945 F.3d 76
2d Cir.2019Background
- Emeli Attipoe, a Ghanaian lawful permanent resident, was ordered removed after an IJ concluded his Connecticut attempted larceny conviction was an aggravated felony, making him ineligible for cancellation of removal.
- The IJ’s written decision did not properly notify Attipoe of the appeal deadline; the cover letter omitted the appeal-deadline checkbox, and the IJ did not inform him of the deadline in the decision.
- Attipoe retained an attorney who agreed to file an appeal for $500 but never filed the notice of appeal; Attipoe learned from the BIA before the deadline that no appeal was on file.
- Attipoe filed pro se a notice of appeal and motions on October 21–24, 2016; the BIA received the notice on October 27, 2016, after the 30-day deadline.
- The BIA dismissed the appeal as untimely, concluding Attipoe failed to show "exceptional circumstances" warranting acceptance via self-certification and that he had not satisfied Matter of Lozada for an ineffective-assistance claim.
- The Second Circuit held the BIA erred by refusing to consider whether the nonjurisdictional 30-day appeal deadline is subject to equitable tolling and remanded for the BIA to develop tolling standards and apply them.
Issues
| Issue | Plaintiff's Argument | Defendant's Argument | Held |
|---|---|---|---|
| Whether the BIA must consider equitable tolling for the 30-day appeal deadline (8 C.F.R. §1003.38(b)) | The deadline is nonjurisdictional and subject to equitable tolling given counsel’s failure and Attipoe’s diligence | Only the BIA’s self-certification process can cure late appeals; the BIA lacks authority to extend the deadline | The court held BIA must consider equitable tolling; remanded to apply tolling standards |
| Whether the court may review a BIA denial of certification under 8 C.F.R. §1003.1(c) | Attipoe challenged the BIA’s failure to consider tolling, not the discretionary certification decision | The refusal to certify is discretionary and unreviewable | The court lacks jurisdiction to review denial of certification but may review legal question whether tolling applies |
| Whether Liadov and agency deference preclude equitable tolling | Liadov improperly treated the deadline as jurisdictional and is inconsistent with Supreme Court precedent | Government relied on Liadov and argued for deference to the BIA’s regulatory interpretation | The court rejected Liadov’s jurisdictional treatment and declined to defer on this legal issue; filing deadlines are claim-processing rules |
| What standard governs equitable tolling of the BIA appeal deadline | Attipoe invoked Holland and immigration cases requiring diligence + extraordinary circumstances or ineffective-assistance-plus-diligence | Government urged BIA control over standards or no tolling | The court remanded; BIA to develop standards, with Holland, Iavorski and related standards offered as guidance |
Key Cases Cited
- Henderson v.

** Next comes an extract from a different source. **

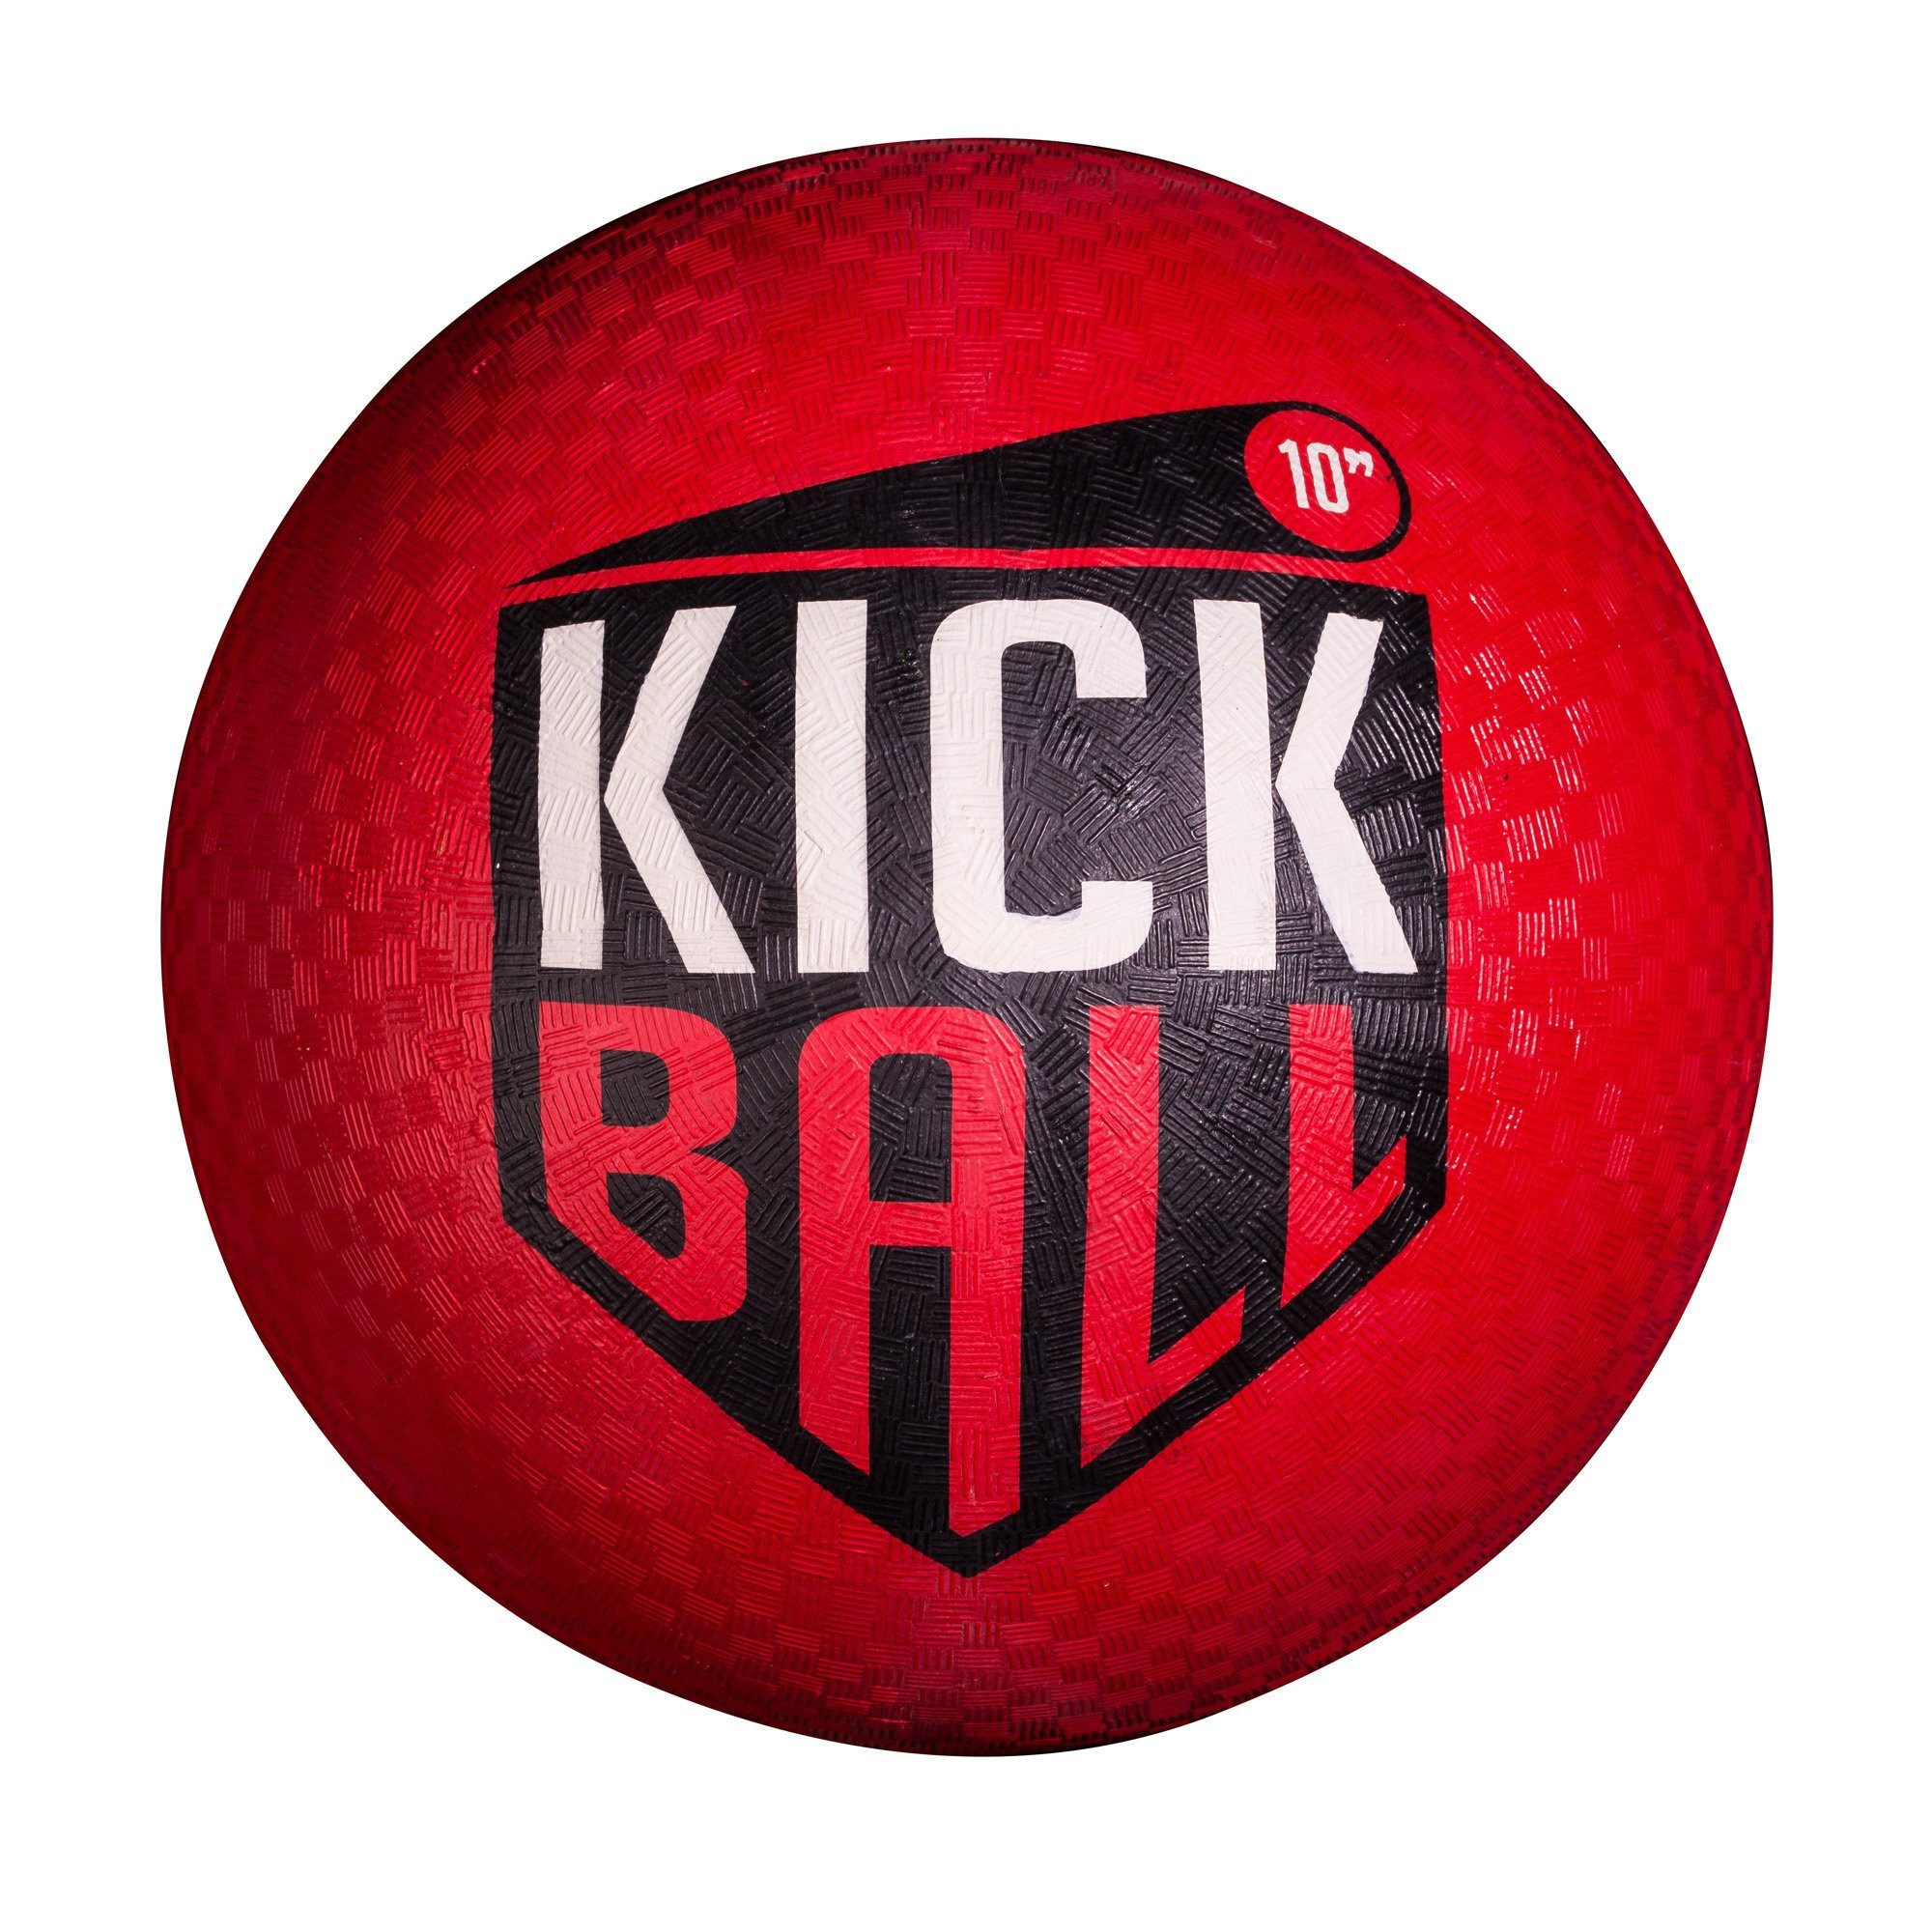 Franklin Sports Rubber Kickball - 10 Inch Diameter by Franklin Sports

Shinseki, 562 U.S. 428 (2011) (filing deadlines are often claim-processing rules, not jurisdictional)
- Holland v. Florida, 560 U.S. 631 (2010) (equitable tolling requires diligence and an extraordinary circumstance)
- Irwin v. Dep’t of Veterans Affairs, 498 U.S. 89 (1990) (statutory filing period subject to equitable tolling)
- United States v. Locke, 471 U.S. 84 (1985) (filing deadlines strictly enforced but recognize equitable defenses)
- United States v. Kwai Fun Wong, 575 U.S. 402 (2015) (procedural time bars are nonjurisdictional absent a clear statement)
- Arbaugh v. Y & H Corp., 546 U.S. 500 (2006) (clarified what constitutes jurisdictional rules)
- Iavorski v. U.S. I.N.S., 232 F.3d 124 (2d Cir. 2000) (equitable tolling available for immigration motions to reopen; refused to defer to BIA refusing tolling)
- Rashid v. Mukasey, 533 F.3d 127 (2d Cir. 2008) (diligence requirement when tolling is based on ineffective assistance)
- Cekic v. I.N.S., 435 F.3d 167 (2d Cir. 2006) (petitioner must show reasonable due diligence during tolling period)
- Banegas Gomez v. Barr, 922 F.3d 101 (2d Cir. 2019) (standard of review for BIA legal conclusions)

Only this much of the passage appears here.